Bezos couldn’t join the race: New Glenn launch canceled during countdown!

Blue Origin, the aviation and space research center owned by Amazon CEO and one of the world’s hundred richest people with his fortune, Jeff Bezos, was scheduled to place its first rocket, called New Glenn, into orbit today.

The company announced that the first launch was canceled during the countdown due to “several anomalies.”

Jeff Bezos’s aerospace startup Blue Origin was planning to place its first rocket into orbit today after more than a decade of work. However, due to anomalies detected during the countdown, the New Glenn launch was canceled. The date of the next launch attempt will be announced after the examinations.
Originally planned to be launched in 2020, New Glenn was planned to place a test satellite into orbit, after which the booster would separate from the rest of the rocket and land on a specially built ship named after Bezos’ mother Jacklyn, stationed in the Atlantic Ocean. The mission was seen as a critical milestone in space exploration for Blue Origin.

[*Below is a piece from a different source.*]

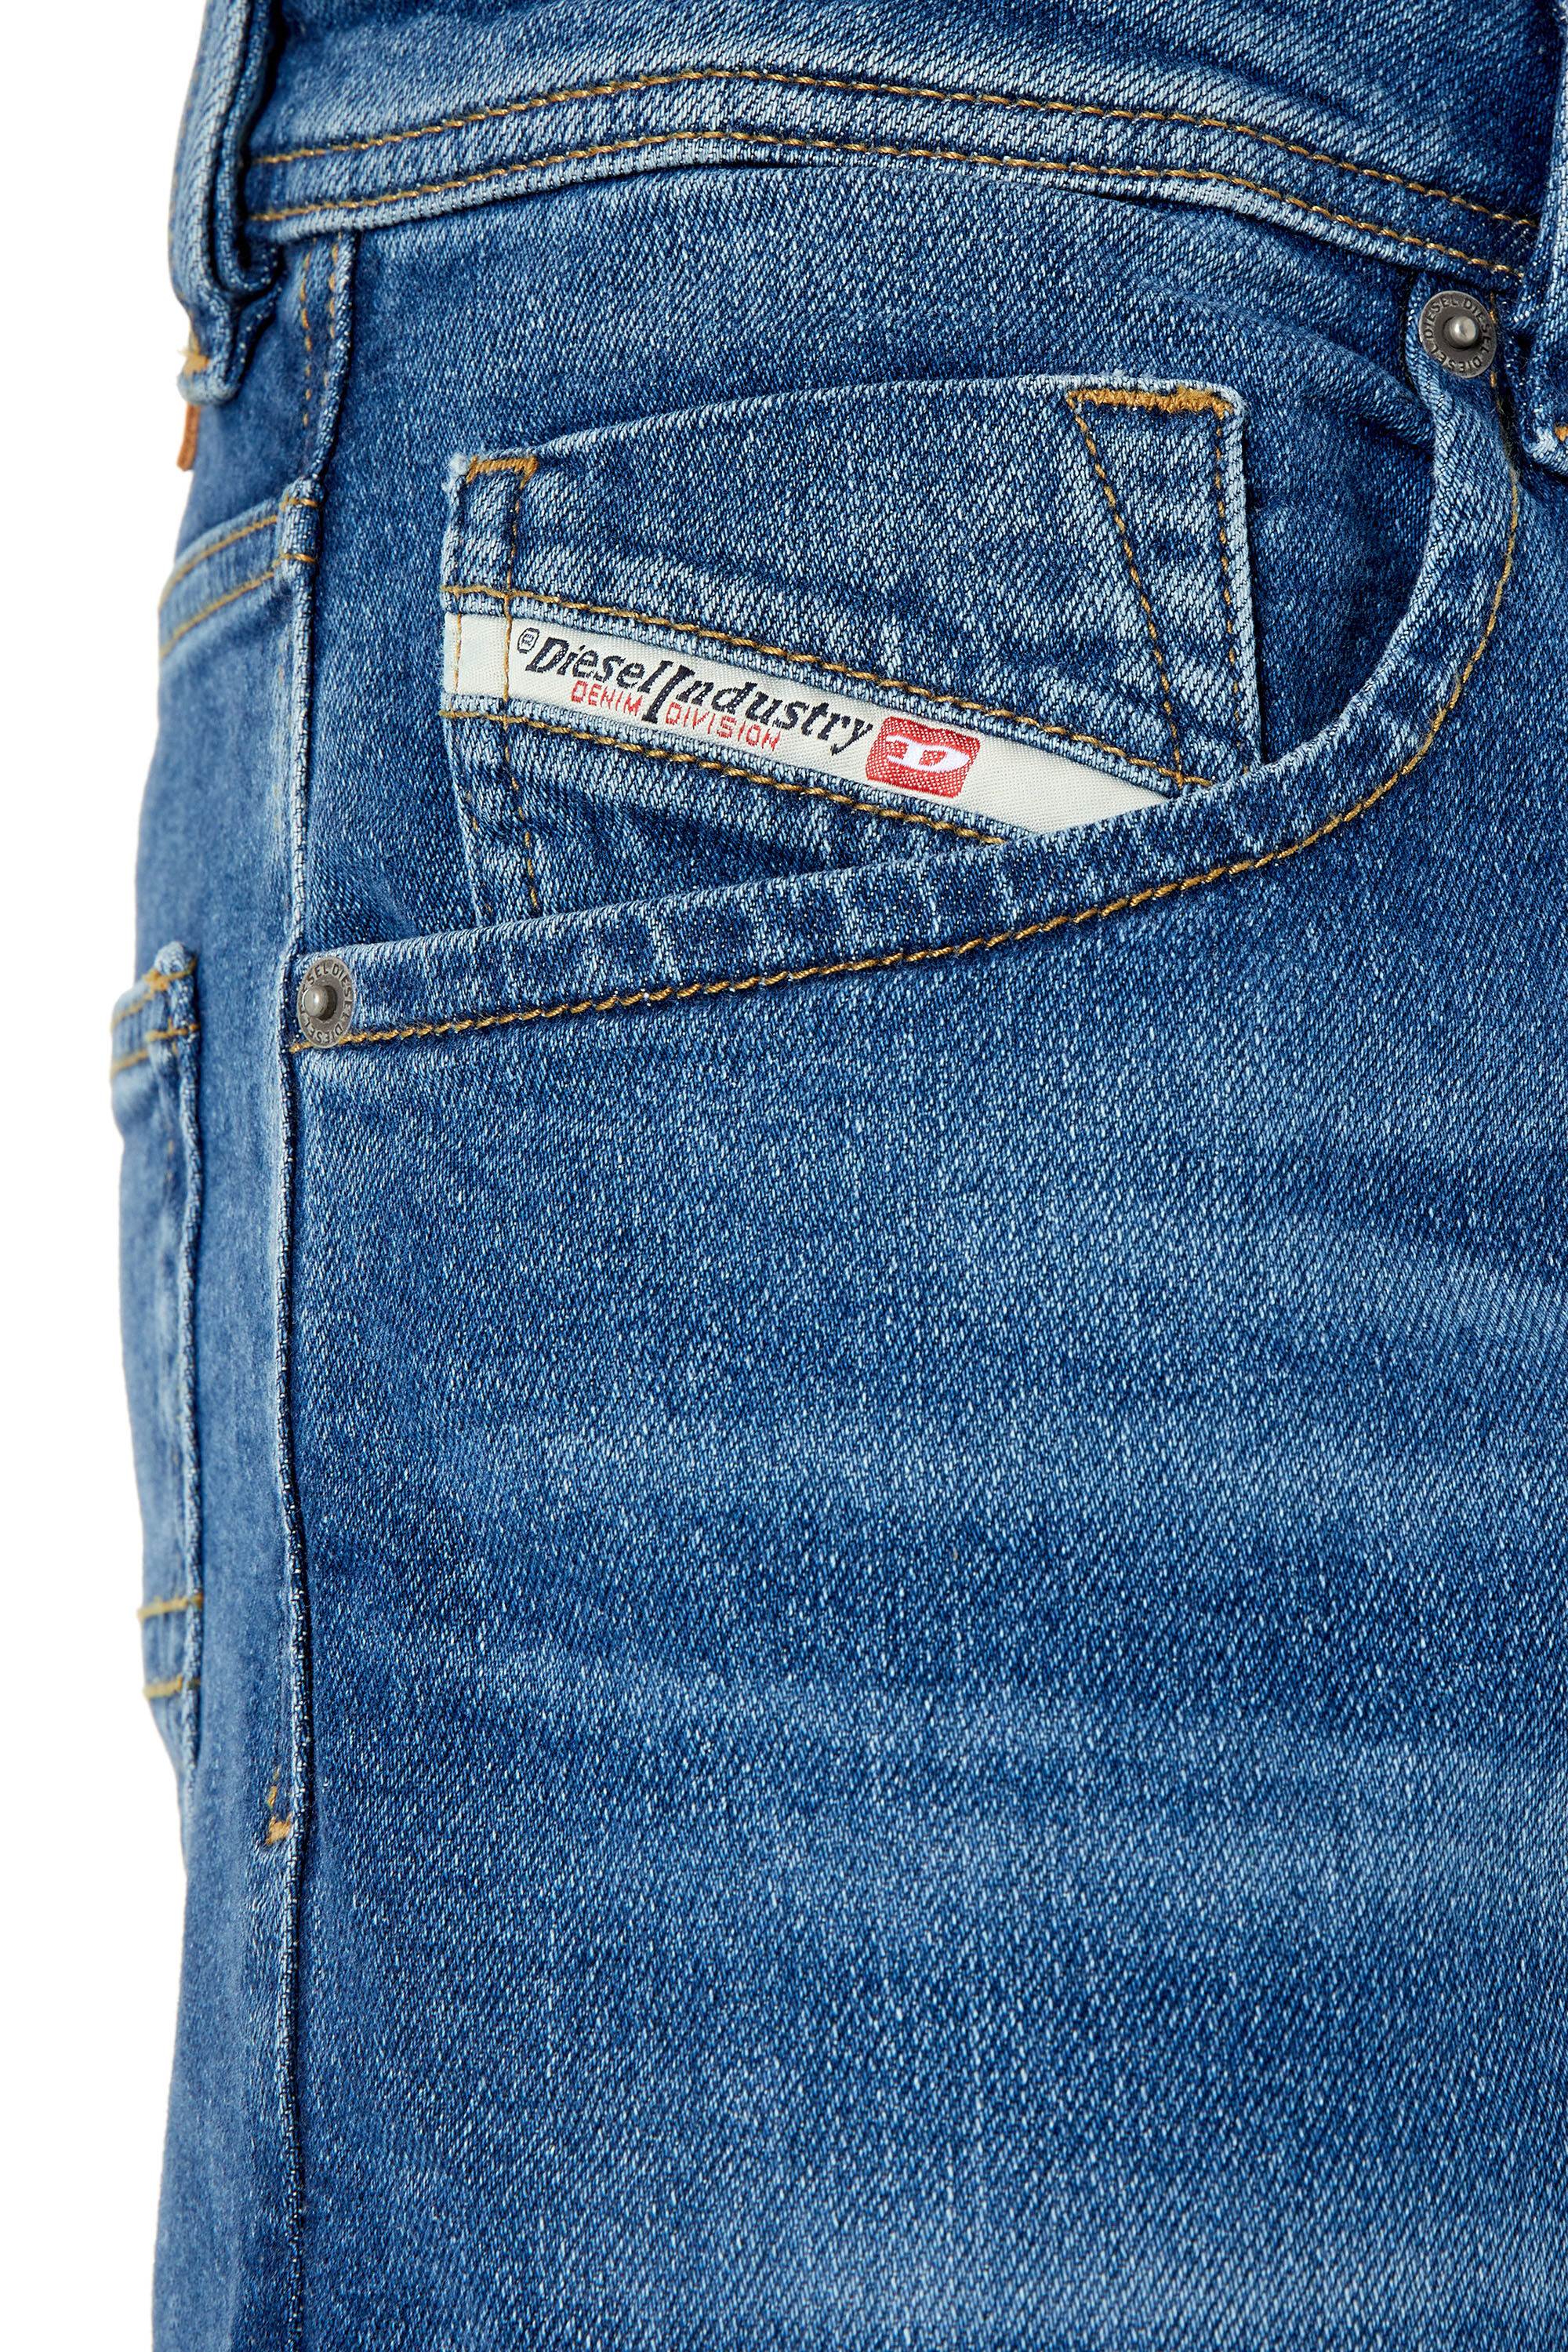 belediging rijst Idool Diesel Industry Larkee -Beex Men's Jeans hidalgomonci.com

The company said getting to orbit safely was the “main goal” and that any success in landing the booster would be “icing on the cake.”
Blue Origin has so far carried out missions to carry tourists to the edge of space, but it has not achieved the capability to send a rocket capable of carrying humans and satellites into orbit.

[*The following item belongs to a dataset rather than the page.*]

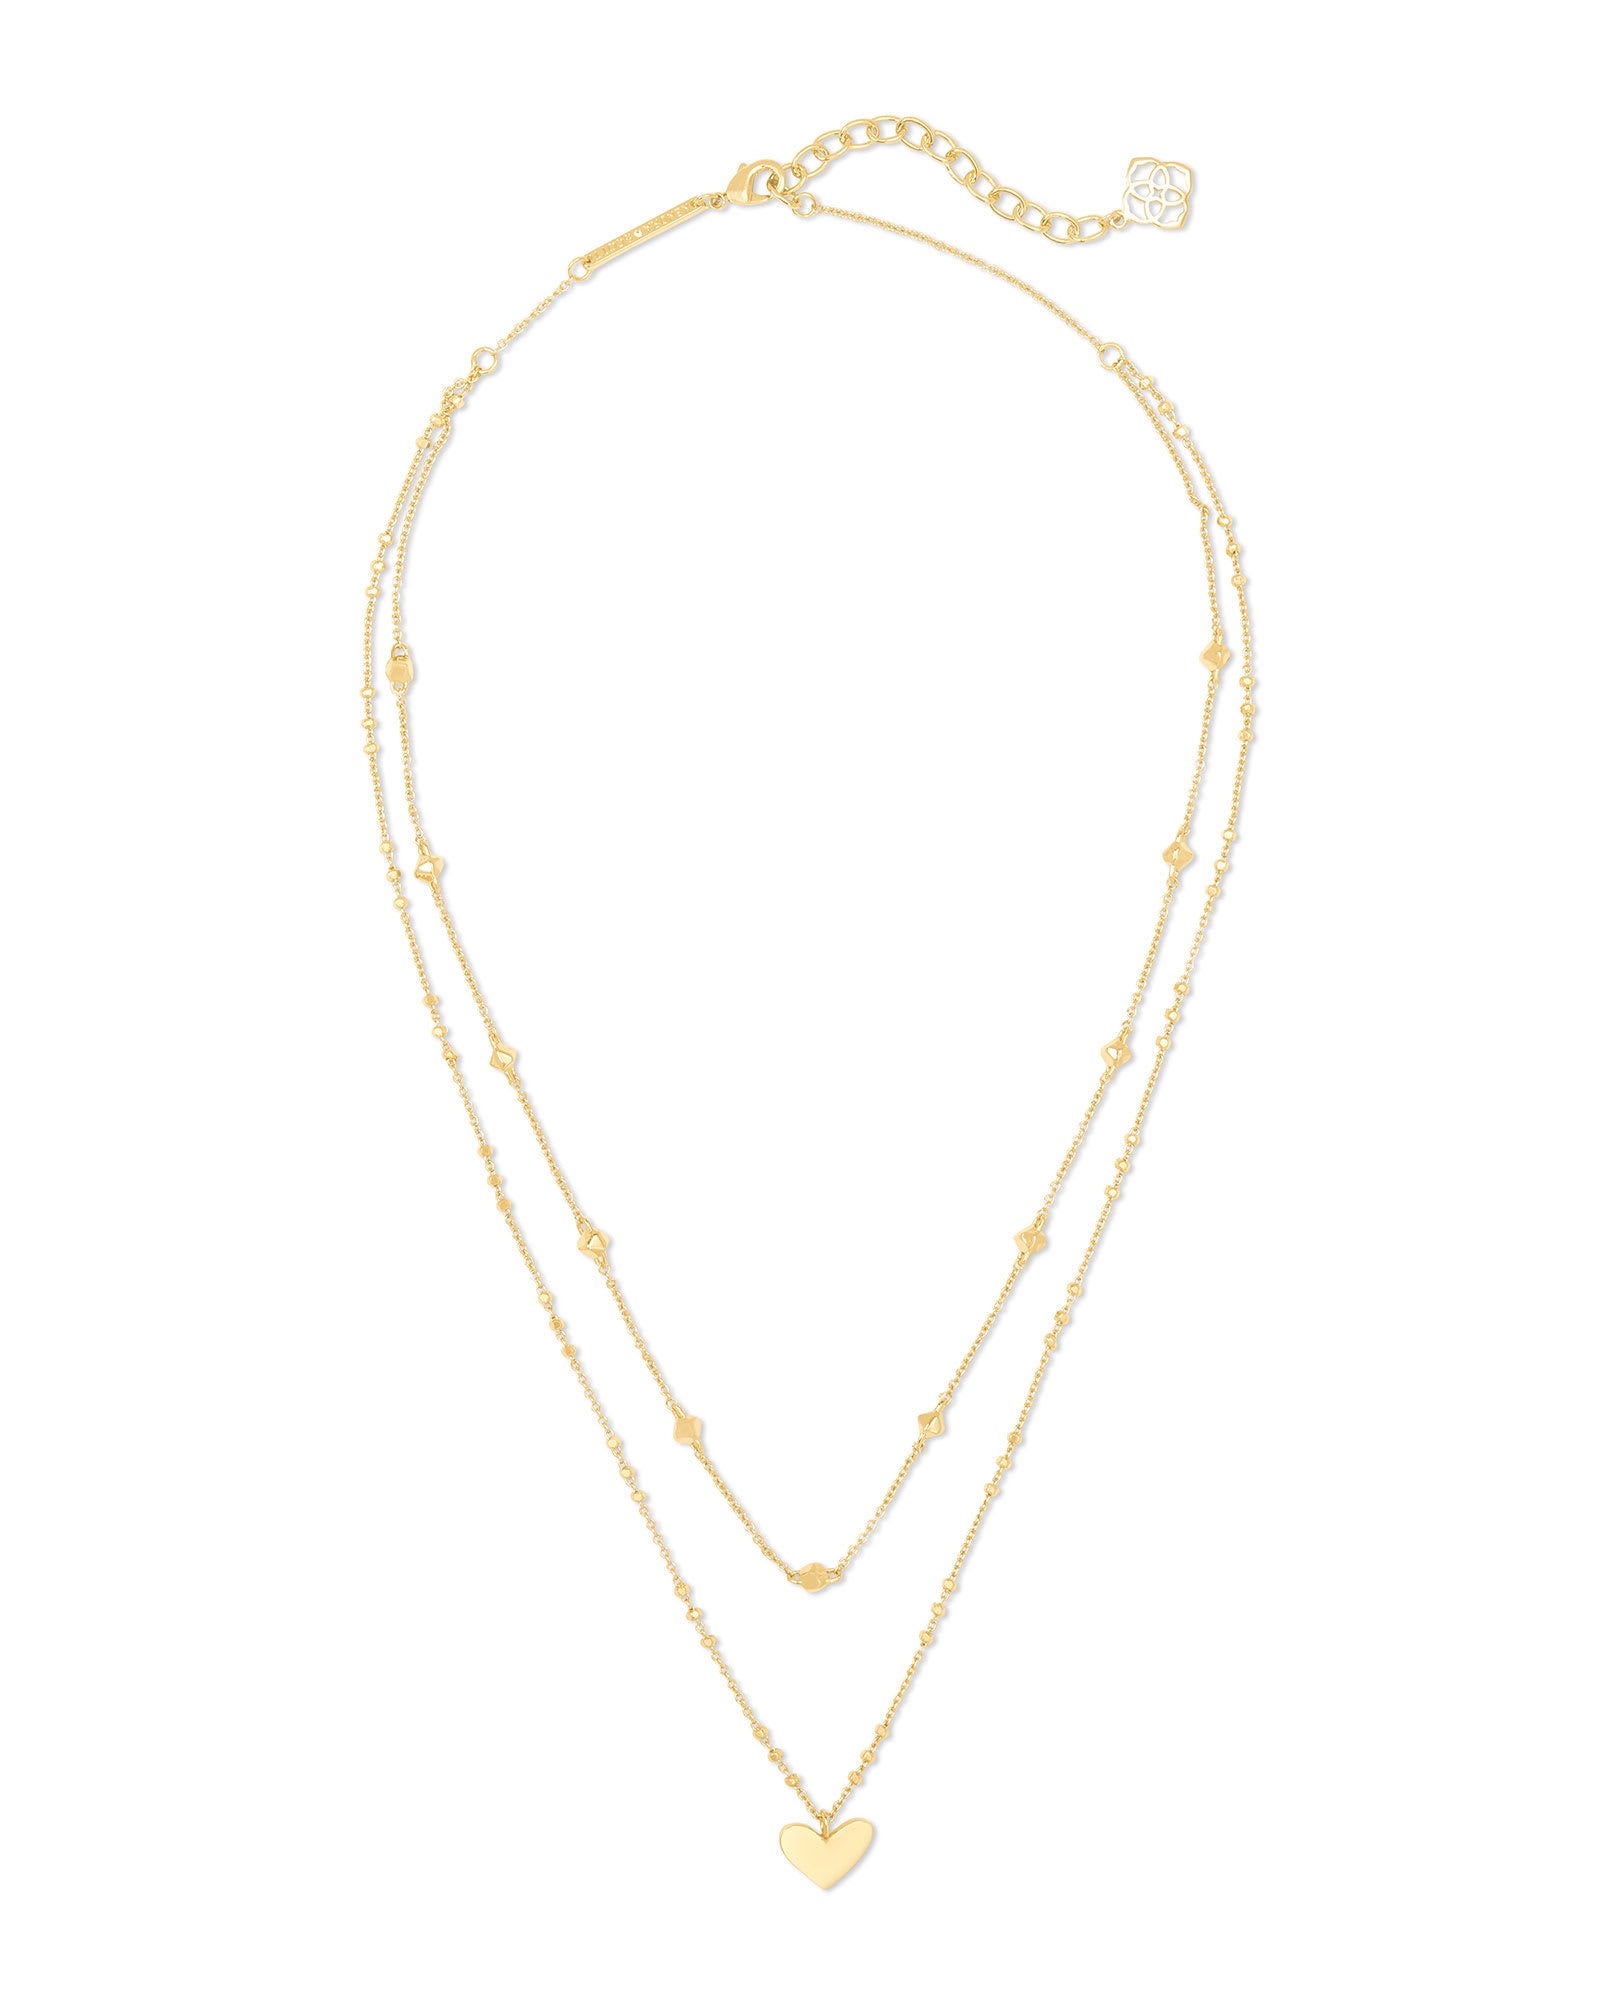 Ari Heart Multi Strand Necklace

On the other hand, Bezos said at the NYT Dealbook Summit last year, “We need to lower the cost of access to space. We can set the preconditions where the next generation, or the generation after that, can remove industrial waste from Earth, and then this planet will be protected as it should be.”
New Glenn’s development process was prolonged due to delays in the completion of the BE-4 engines produced in-house.
Blue Origin has followed a more traditional engineering methodology in this process, aiming to minimize unplanned explosions.
Blue Origin is calling its first upcoming mission NG-1.
New Glenn will carry a payload on this flight: a test version of the company’s “Blue Ring” spacecraft platform.
The platform is designed for missions such as delivering customer payloads to various orbits.
According to a mission statement the company released last month, the test model will validate Blue Ring’s communications capabilities from orbit to the ground.
The NG-1 mission will also contribute to the process of certifying Blue Origin’s New Glenn rocket to launch national security missions for the U.S. government.